Posted on 06/16/2011

There are times when we are required to sign an agreement (e.g., a gym membership, athletic participation form, rental contract for equipment, etc.) which purports to release the party providing the service from all future negligence claims for injuries sustained by the signing party during the course of service.  Sometimes these agreements are called liability waivers; other times they are referred to as releases for liability or hold harmless agreements.

Because Washington case law holds that private parties are afforded freedom to contract, many times these agreements are enforced in court in essentially exculpating a negligent party of its own wrongdoing against the injured party.  However, there is also applicable Washington case law that helps the injured party invalidate such exculpatory clauses.  The following case law discussed below helps injured parties effectively void liability waiver agreements:

The function of a waiver provision is to deny an injured party the right to recover damages from the negligent party causing the injury.  Johnson v.

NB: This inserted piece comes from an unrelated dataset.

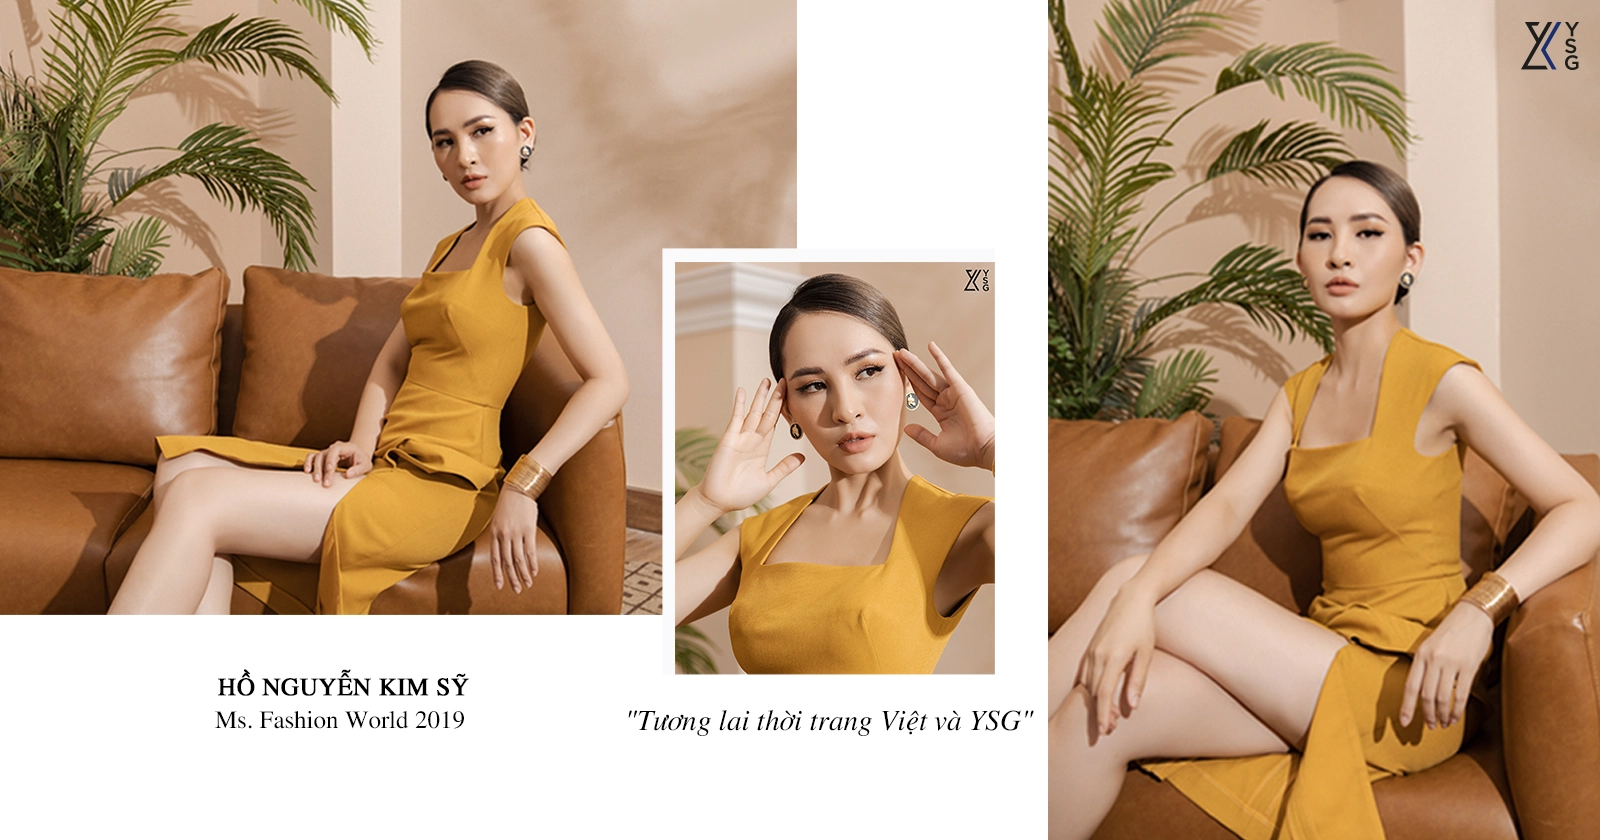 MS.Fashion World 2019 - Hồ Nguyễn Kim Sỹ: " Tương lai thời trang Việt và YSG"

UBAR, L.L.C., 150 Wn.App. 533, 537-38, 210 P.2d 1021, 1023 (2009).  The general rule in Washington is that a liability waiver is unenforceable if (1) it violates public policy, (2) the negligent act falls greatly below the legal standard for protection of others, or (3) it is inconspicuous.  Id. at 538.

I.          Liability Waiver Violates Public Policy   

Exculpatory clauses in liability waivers are invalid if they violate a public policy interest of this state.  Shields v. Sta-Fit, Inc., 79 Wn.App. 584, 585, 903 P.2d 525, 526 (1995).  An agreement that has a tendency to be against the public good, or to be injurious to the public, violates public policy.  Scott v. Cingular Wireless, 160 Wn.2d 843, 851, 161 P.3d 1000, 1005 (2007).  Contract provisions that exculpate the author for wrongdoing undermine the public good.  Id. at 854, 161 P.3d at 1006.  

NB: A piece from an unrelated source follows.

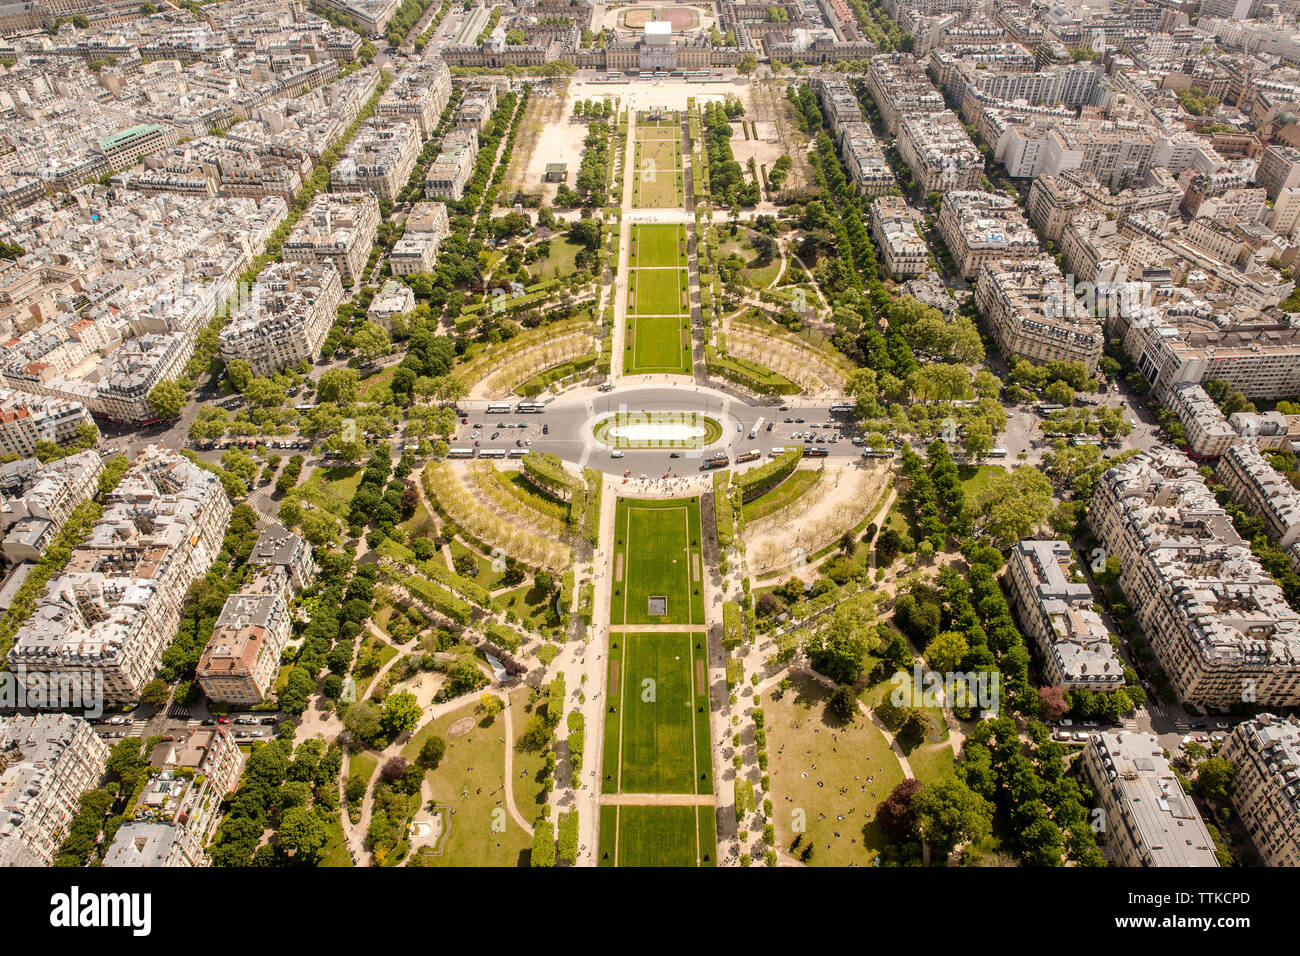 Vue aérienne du parc en ville pendant les jours ensoleillés Banque D'Images

Furthermore, "[c]ontracts against liability for negligence are not favored by law" and are strictly construed against parties relying thereon.  Glant v. Lloyd's Register of Shipping, 141 Wn. 253, 262, 251 P. 274, 277 (1926) (emphasis added).  Courts are therefore reluctant to allow those charged with a public duty, which includes the obligation to use reasonable care, to rid themselves of that obligation by contract.  Wagenblast v. Odessa Sch. Dist., 110 Wn.2d 845, 849, 758 P.2d 968, 970 (1988).               

In Wagenblast v. Odessa School District, the Washington Supreme Court held that conditioning participation in public school interscholastic athletics on the students and their parents releasing the school district from all potential future negligence claims violated public policy.  Id. at 856, 758 P.2d at 973.  The Wagenblast court set out a series of six non-exclusive factors in determining whether a liability waiver violates public policy.  Id. at 851-52, 758 P.2d at 971.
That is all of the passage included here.